#### Brief
An exact repetition of the data below, without images, is the expected answer.

#### Exercise data

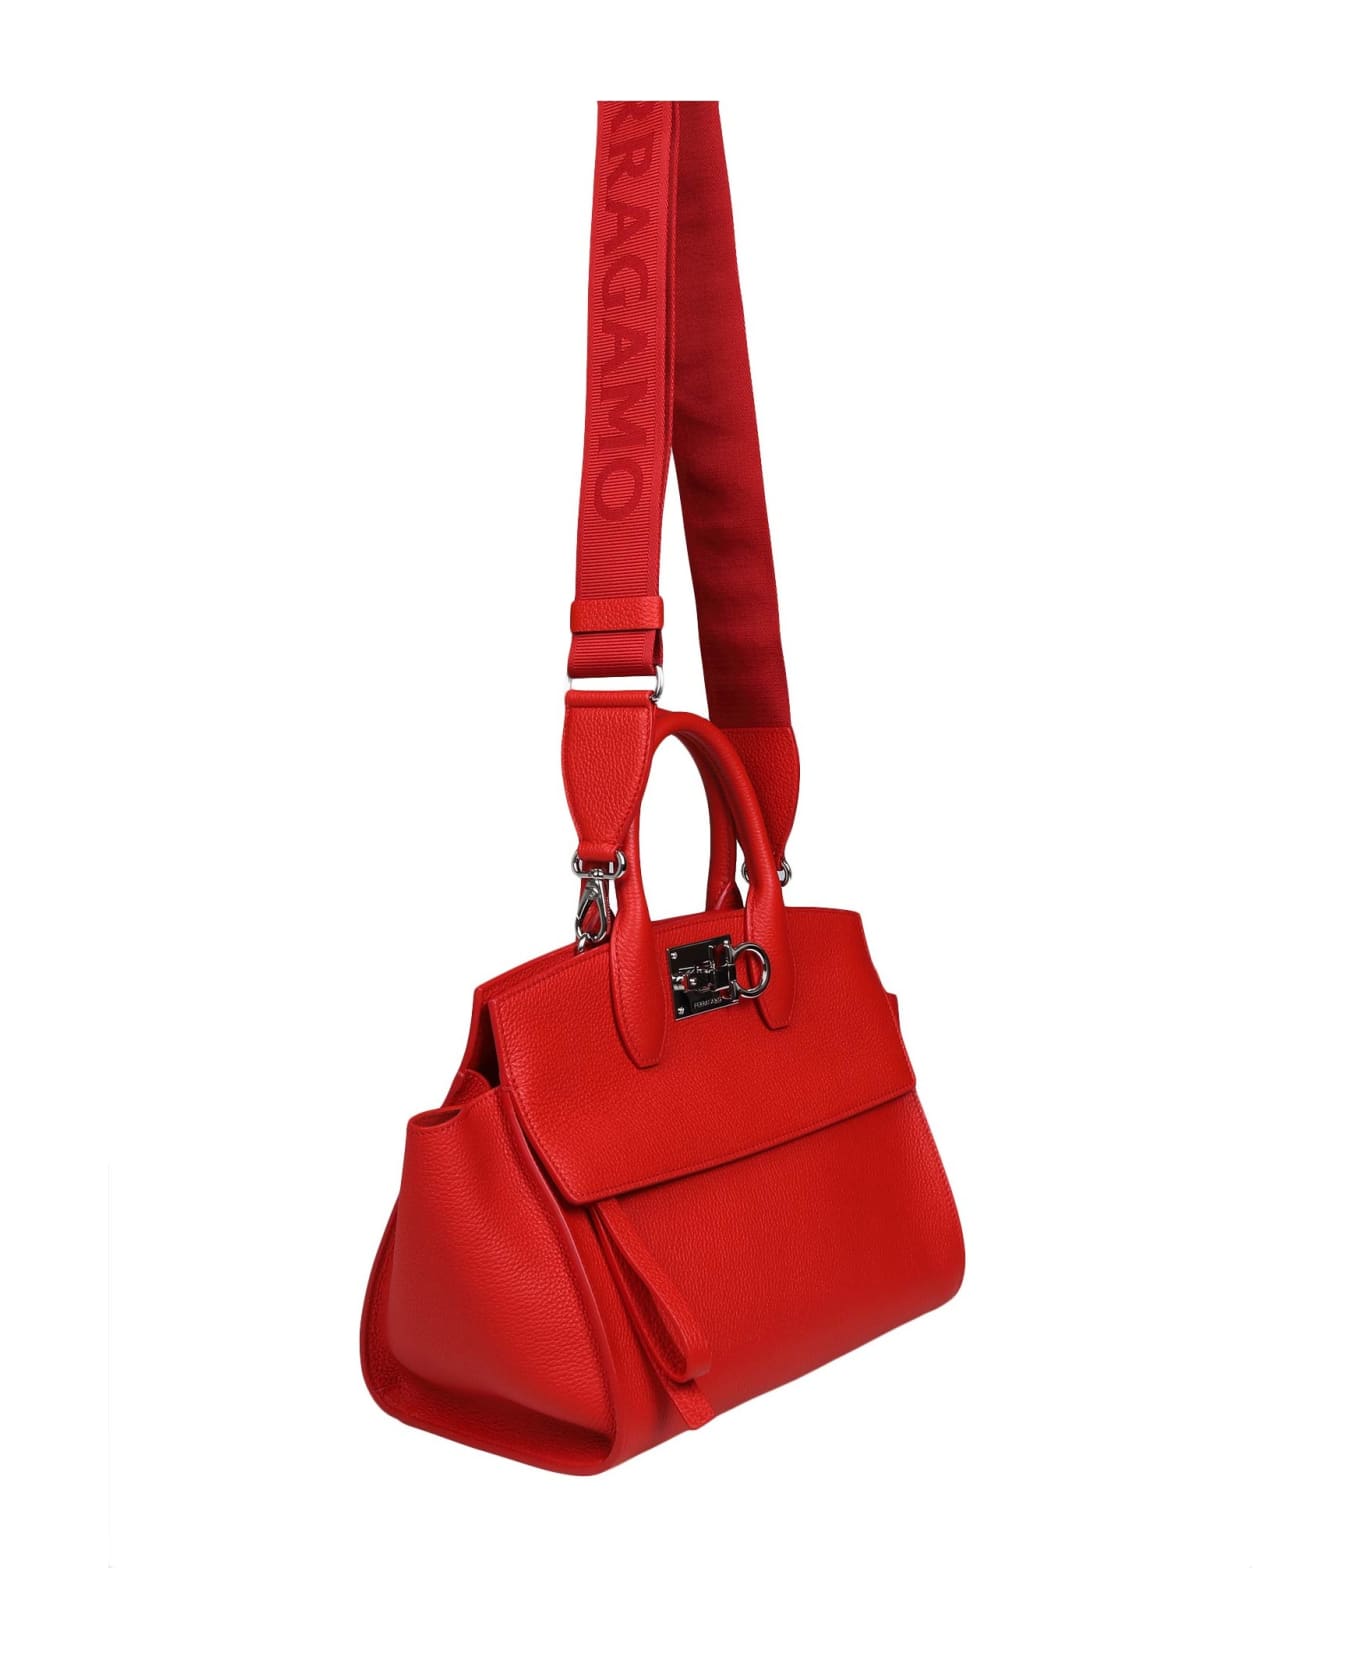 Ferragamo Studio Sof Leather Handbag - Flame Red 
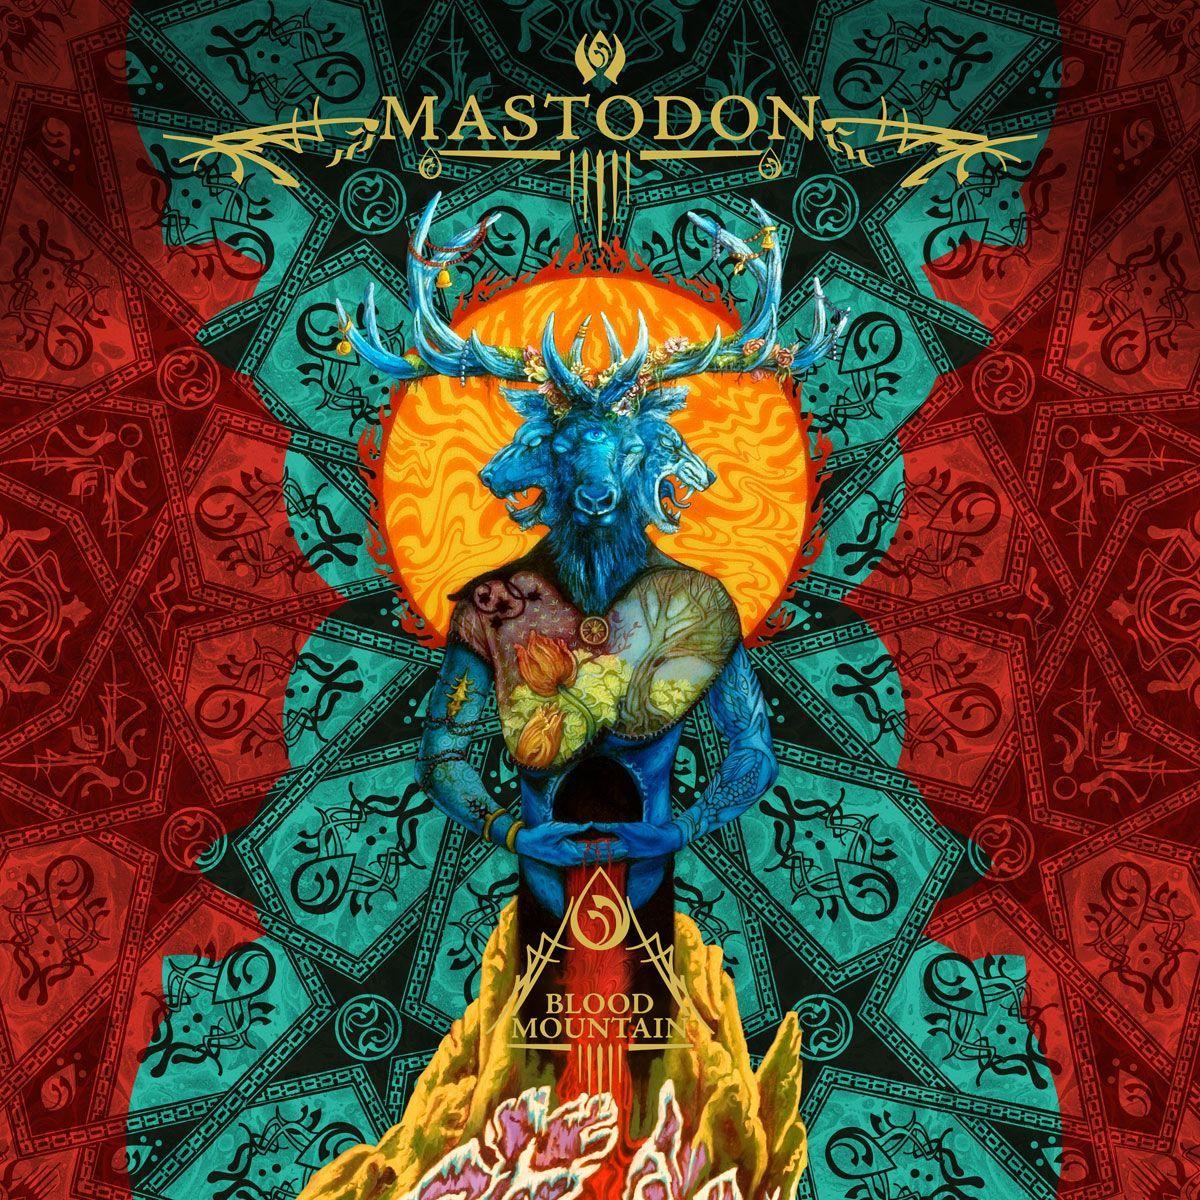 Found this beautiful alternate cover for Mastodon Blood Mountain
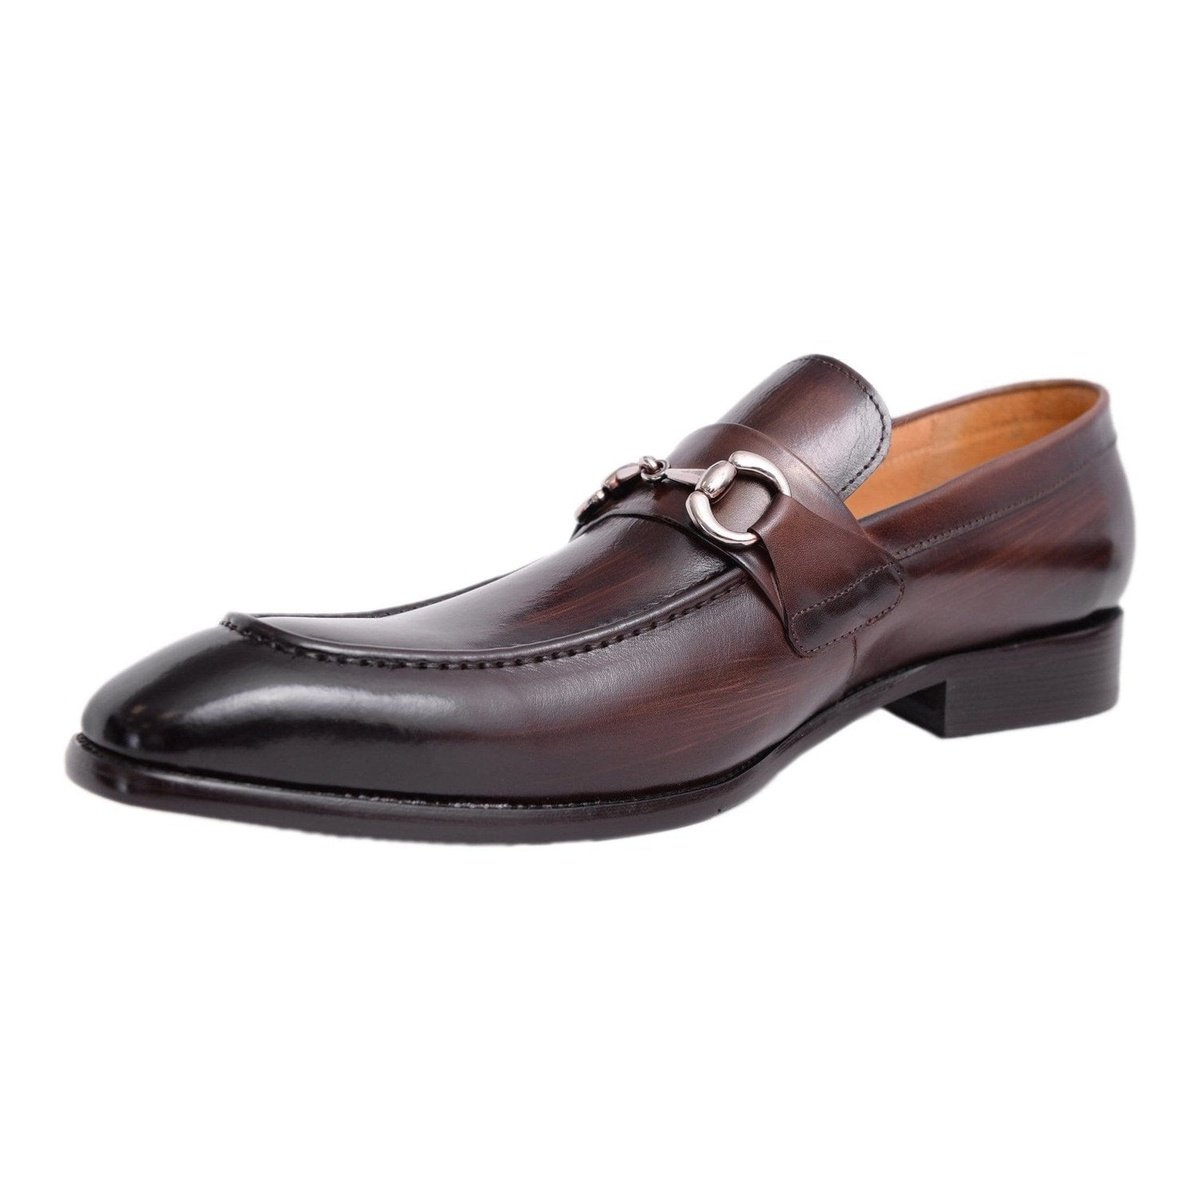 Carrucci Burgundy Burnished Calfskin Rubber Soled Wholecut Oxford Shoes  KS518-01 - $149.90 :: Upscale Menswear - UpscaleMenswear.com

#### Result
 Ferragamo Studio Sof Leather Handbag - Flame Red 
 Found this beautiful alternate cover for Mastodon Blood Mountain
 Carrucci Burgundy Burnished Calfskin Rubber Soled Wholecut Oxford Shoes  KS518-01 - $149.90 :: Upscale Menswear - UpscaleMenswear.com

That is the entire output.